Suppose we have a convex function $g(x)$ (i'm particularly interested in $g(x)$ decreasing but that's not a requirement for an answer)
Are there necessary or sufficient condition(s) that we can look at to examine whether $\log g(x)$ is concave?
Looking at some examples:
- an affine function is convex and log-concave
- $x^2, x^4$, etc are convex and log-concave
- $e^x$ is log concave
- $e^{x^2}$ is not log concave
So a crude guess might be that a convex function is log-concave if it does not increase "too fast". But I don't know if this is correct, and even if it is, I don't know what "too fast" is (is $e^x$ the limit?)

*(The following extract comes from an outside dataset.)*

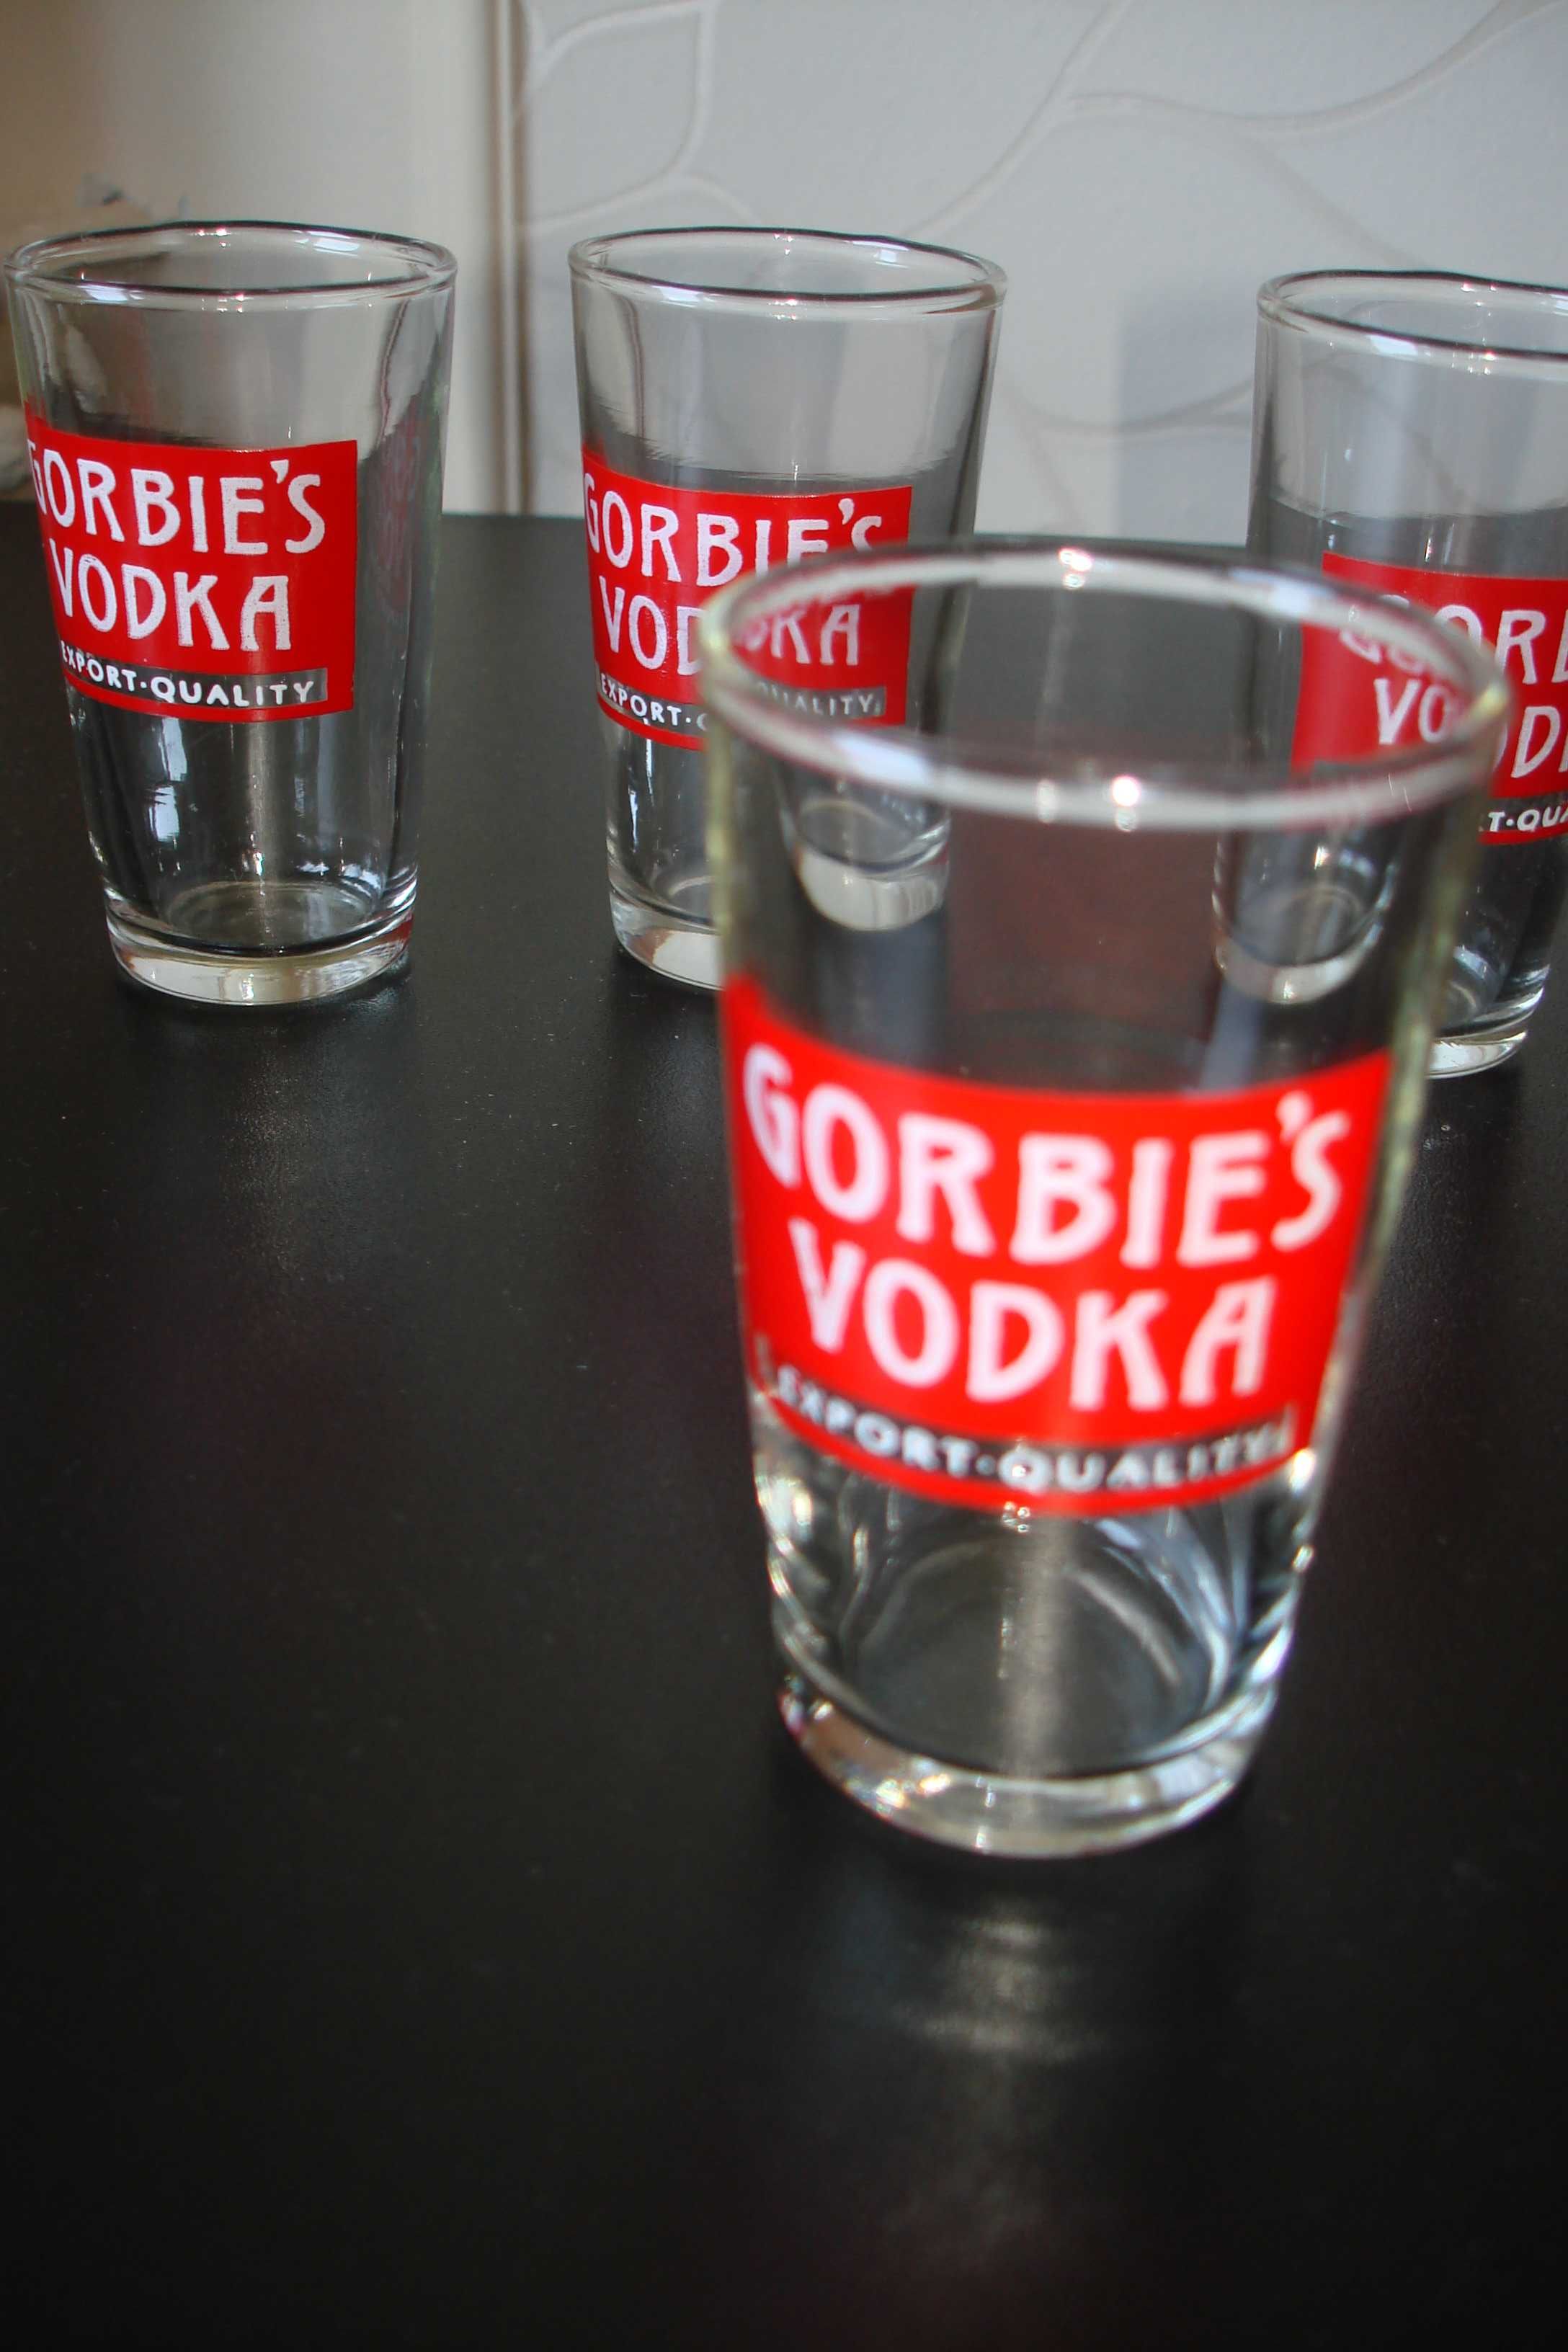 Pahare tuica-vodca Gorbie s vodka- 6 buc

Let's assume $g$ is positive and twice differentiable. Then $(\ln g)'=\frac{g'}{g}$ and $(\ln g)''=\frac{g''g-g'^2}{g^2}$, so the condition of concavity is $g''g-g'^2\leq0$. Since $g$ is convex $g''\geq0$, so this is equivalent to $|g'|\geq\sqrt{gg''}$, the first derivative is greater by absolute value than the geometric mean of the second derivative and the function itself.
"Not increasing too fast" does not do it: $\frac1x$ does not increase at all, yet it is log-convex instead (taking $x>0$). There might be something to $e^x$ being the "boundary", it has to do with $x$ being the boundary between concave and convex among the power functions. Take $g(x)=\cosh x$, then $g'(x)=\sinh x$, $g''(x)=\cosh x$, and $\cosh^2x-\sinh^2x=1\geq0$. So $\cosh$, growing slightly faster than $e^x$, is log-convex. On the other hand, $\sinh x$, growing slightly slower, is log-concave.